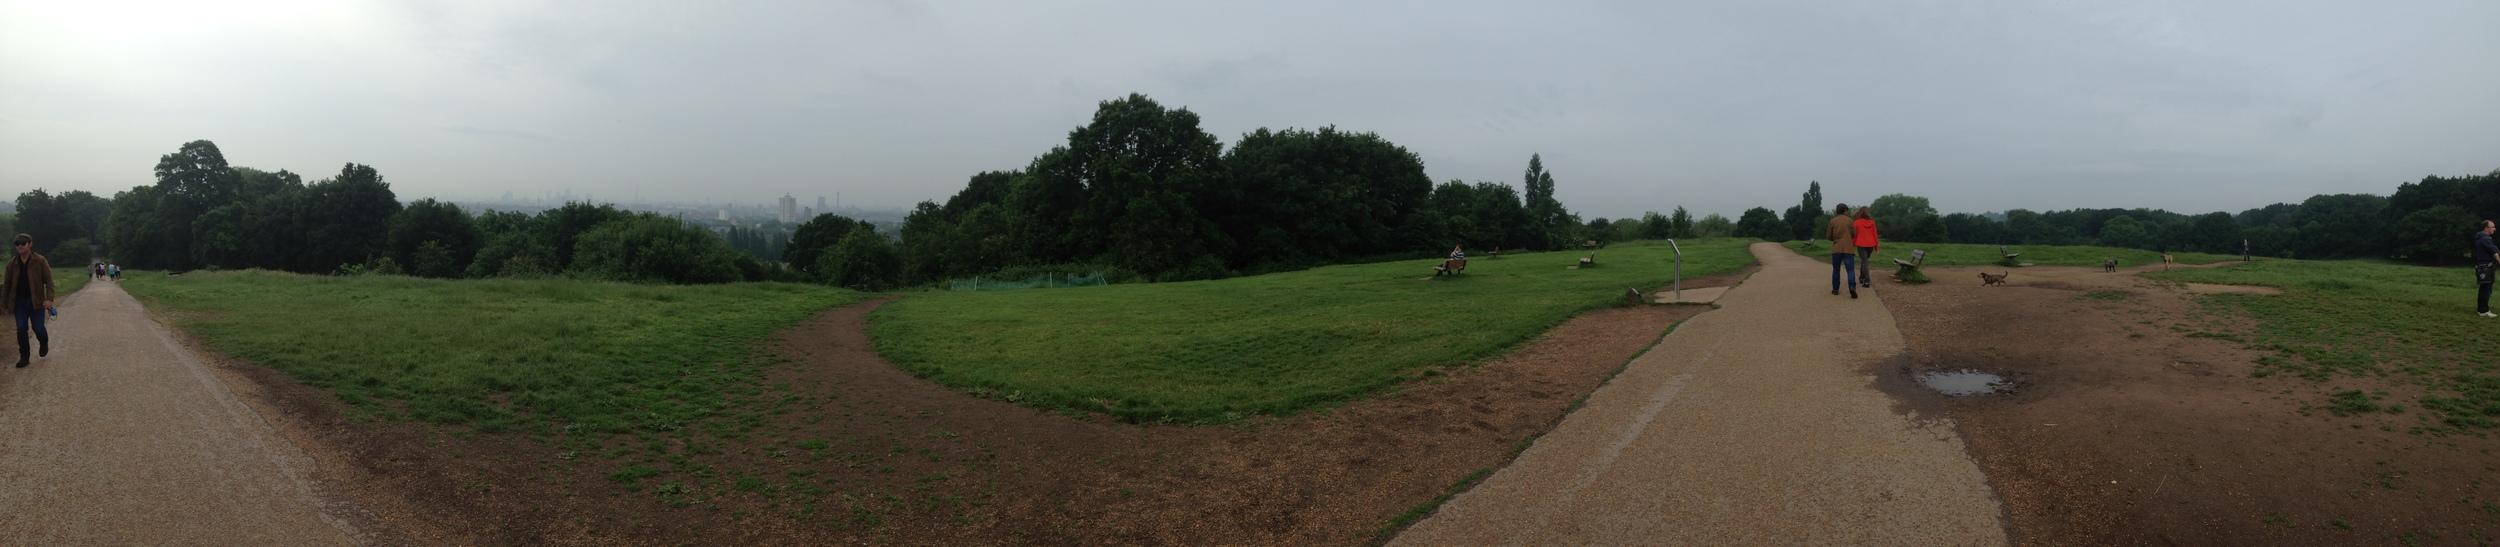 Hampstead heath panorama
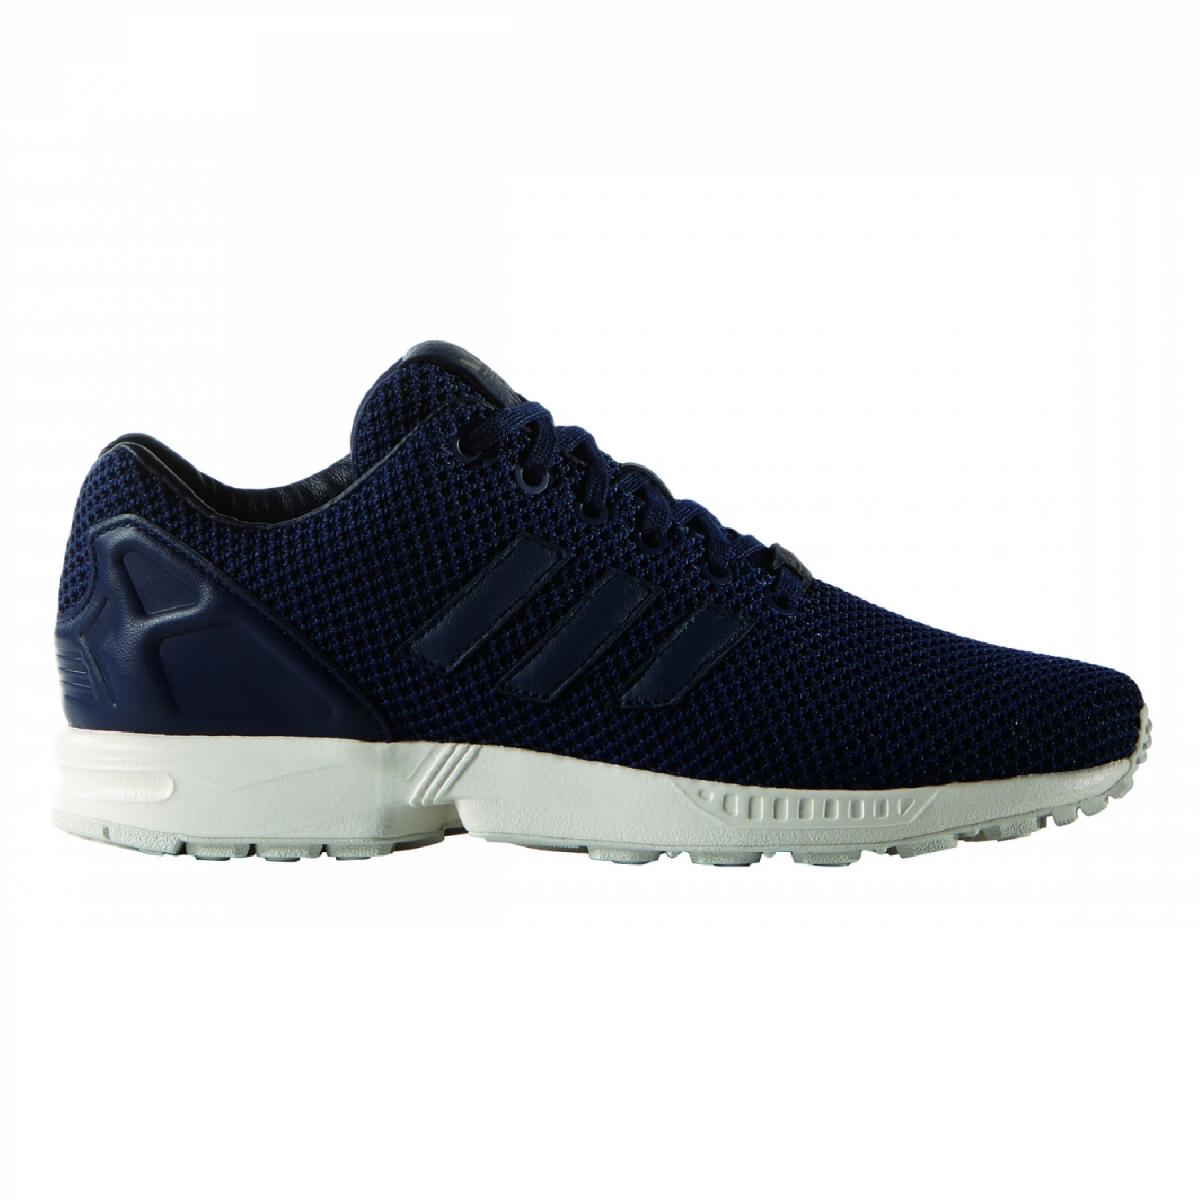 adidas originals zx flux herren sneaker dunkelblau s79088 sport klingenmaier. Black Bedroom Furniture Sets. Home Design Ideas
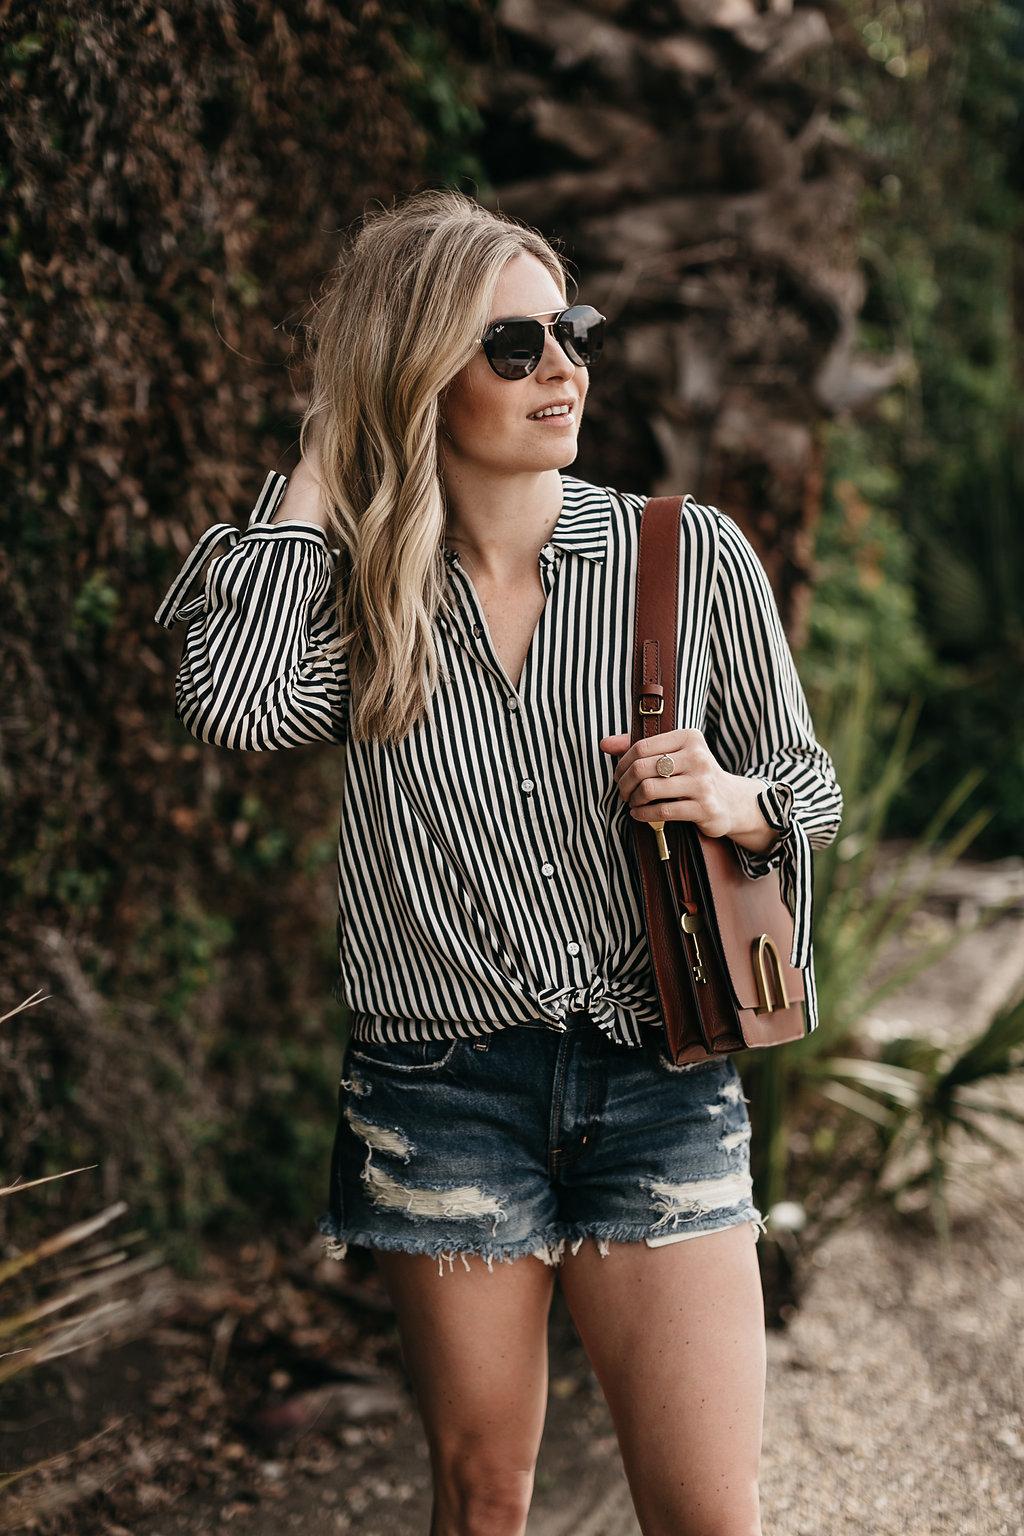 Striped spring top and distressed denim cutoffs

### ABOUT THIS EXERCISE
Set down, in exact form, only the lines that start at the one containing "adidas originals zx" and finish at the last line of the material; pictures do not go in.

### WRITTEN RESPONSE
 adidas originals zx flux herren sneaker dunkelblau s79088 sport klingenmaier. Black Bedroom Furniture Sets. Home Design Ideas
 Striped spring top and distressed denim cutoffs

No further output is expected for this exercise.